Today:  The Theory of Ignorance

*** Rate cut magic continues to work...

*** Business brisk at home mortgage refinancers...

*** But gold up as half the world sinks into
slowdown...buy bonds?

*** "Rate Cut Glow Continues to Shine," says
TheStreet.com, describing yesterday's market
activity. Both the Dow and the Nasdaq rose. The Dow
ended up 77 points. The Nasdaq made a 102-point gain.

*** "The gains will stick," TheStreet quoted one
trader, "as people are focusing on the second half."
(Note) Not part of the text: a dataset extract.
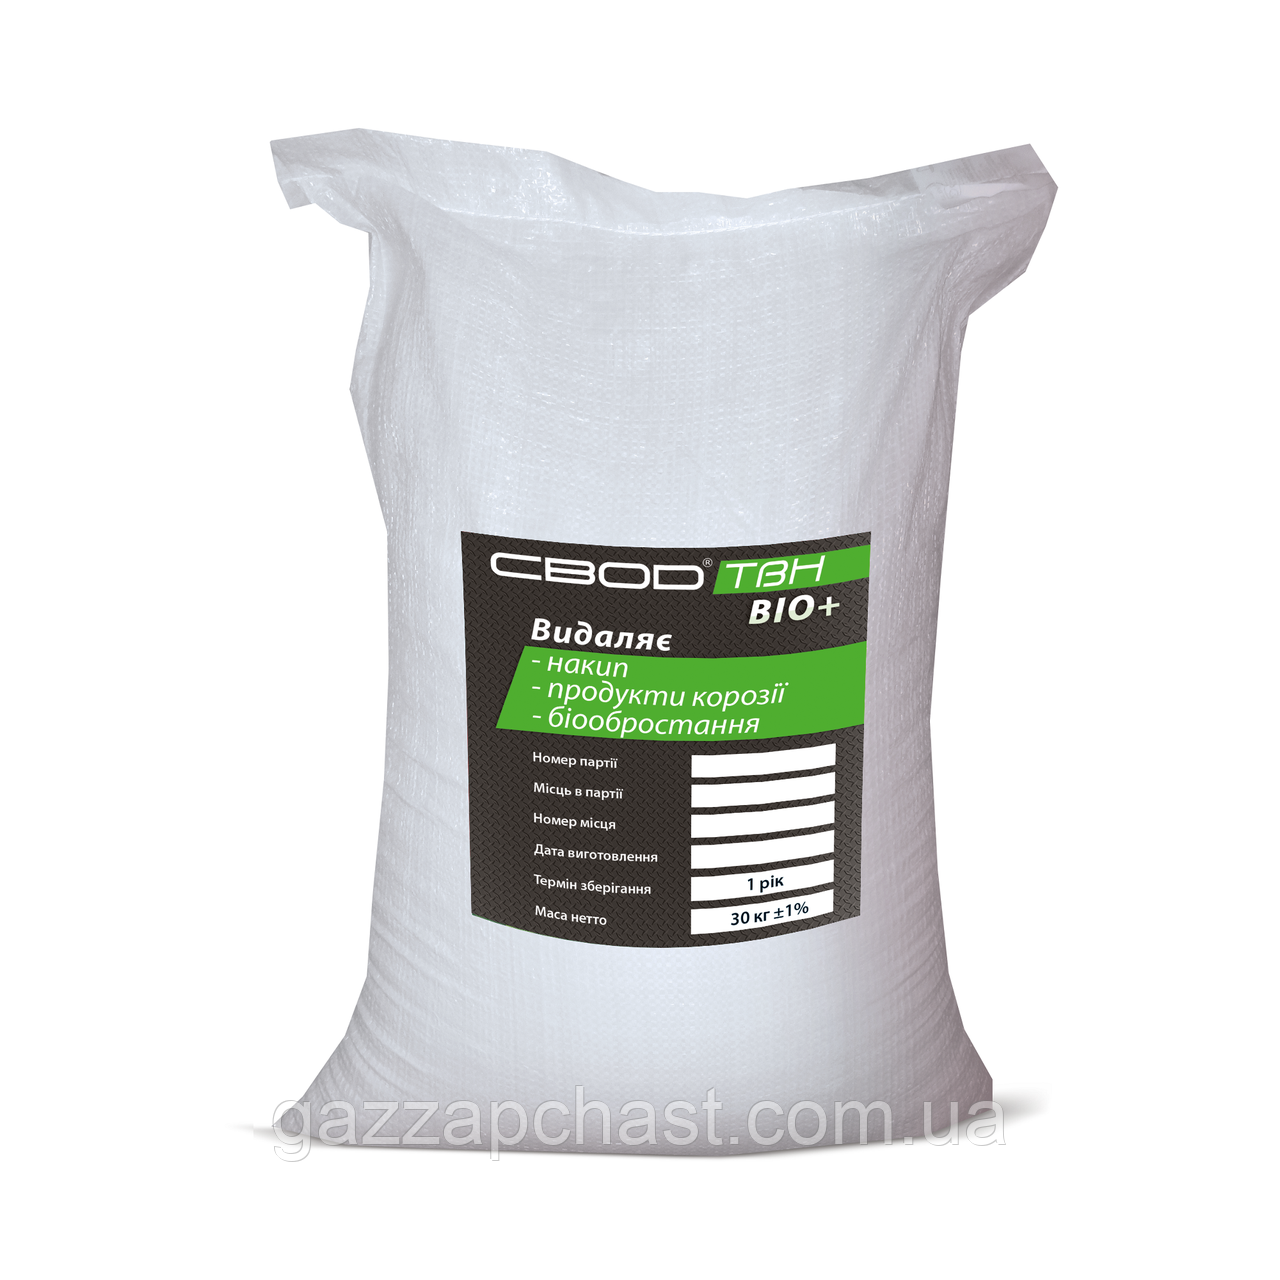 Средство для удаления накипи, железоокисных отложений и биообрастаний СВОД-ТВН BIO+, 30 кг  СВ20

*** But "it is only a matter of time before the
market realizes that lowering interest rates will
not do very much for the US economy," says Albert
Friedberg.

*** Business is good at Countrywide Home Loans. The
company is getting twice as many telephone calls as
usual - following the Fed's 50 basis point rate cut.
Most callers are hoping to refinance existing
mortgages at reduced rates. Could it be that they
are looking for ways to reduce their expenses,
rather than enlarge them?

*** People are still borrowing, but they are not
necessarily increasing their spending. Caught
between the millstones of higher energy costs, lower
employment levels, and lower equity
values...American consumers are feeling a little
pinched...

*** "I have just come from Washington DC," writes
Jeff Randall of the BBC, "where my over-riding
impression was that ordinary Americans fail to
realize just how precarious their economic plight
has become."

*** "I see huge risks for the economy right now,"
said former Fed governor, Janet Yellin. Alan
Greenspan must have seen the same dangers.
Industrial production turned up last month.
Consumers are still borrowing. Home sales are
surprisingly strong. So why the surprise rate cut?
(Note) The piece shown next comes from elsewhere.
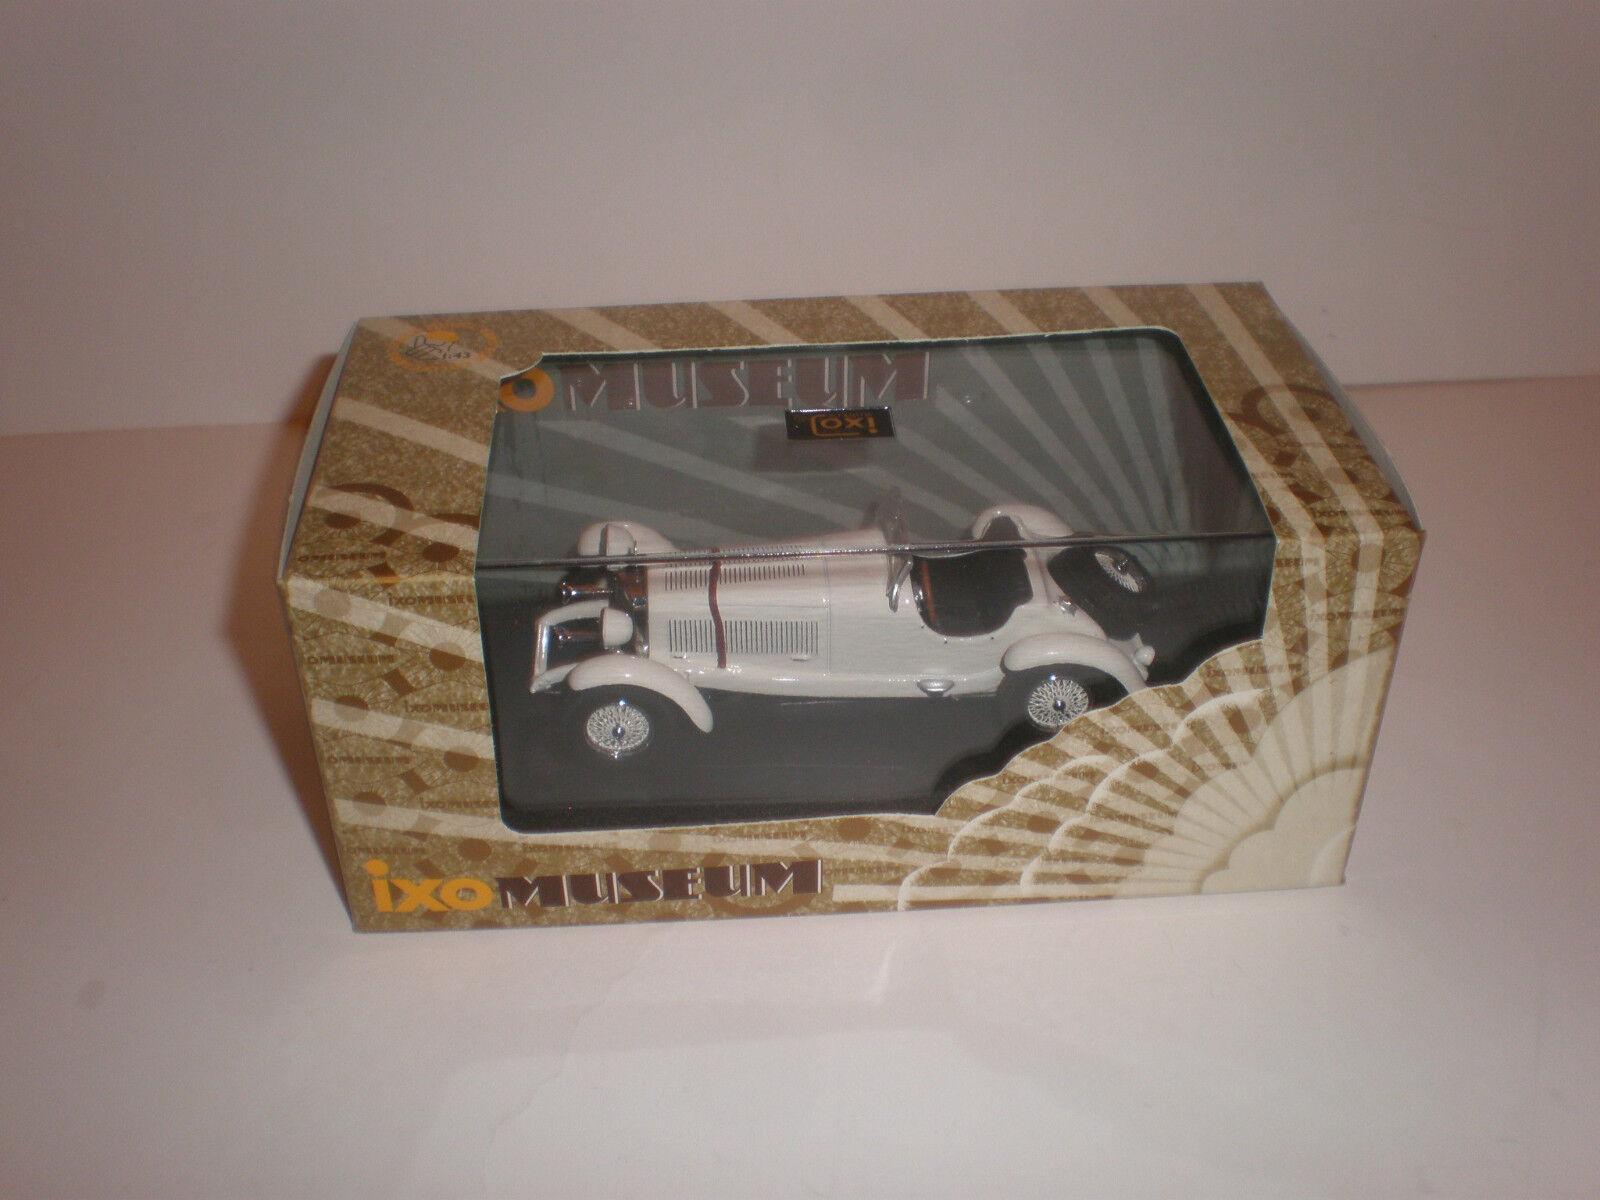 precios razonables 1 43 1928 Mercedes Benz Benz Benz SSK Ixo Museum Mus 016  Mejor precio

*** A NY TIMES article addressed the question,
coming to the conclusion that Greenspan & Co. have
two major fears: 1) that consumers are near the
breaking point - where they may be forced to curb
expenditures, which could set in motion a Japan-
style slump and 2) "a related pullback by companies
in the purchase of computers, communication
technologies and other types of equipment." Why
should the Fed care if companies purchase computers?
Ah...more below.

*** If the U.S. sinks into recession, it probably
won't go down alone, warns Anirvan Banerji, of the
Economy Cycle Research Institute. Japan, Taiwan, and
South Korea will be dragged down too. So would
Mexico and Australia. That would put more than half
the world's GDP in negative territory - the first
such slowdown in a quarter century.

*** "Name a company that dominates its industry,
that has 20% operating margins, 10% net margins,
earns 30% on equity, 20% on total invested capital,
generates $1 billion of free cash flow and trades
under 10 times trailing earnings..." challenged Bill
Miller of Legg Mason in Barron's. That company is
the very one that our own Porter Stansberry believes
is doomed by the creative destruction of the
marketplace: Kodak. At 9 times earnings, with a
dividend yield of 4.12%, at least Kodak is
relatively cheap. Cheap enough to buy? It is "not
yet actually cheap," judges Jim Grant, but it is
"becoming cheaper, which, however, is progress."

*** "The major averages need to decline another 30-
40% before they reach the median levels of
valuation, never mind cheap," calculates Michael
O'Higgins. "While stock investors have experienced
huge losses - over $6 trillion so far - there seems
to be little in the way of the type of capitulation
that normally prevails at market bottoms."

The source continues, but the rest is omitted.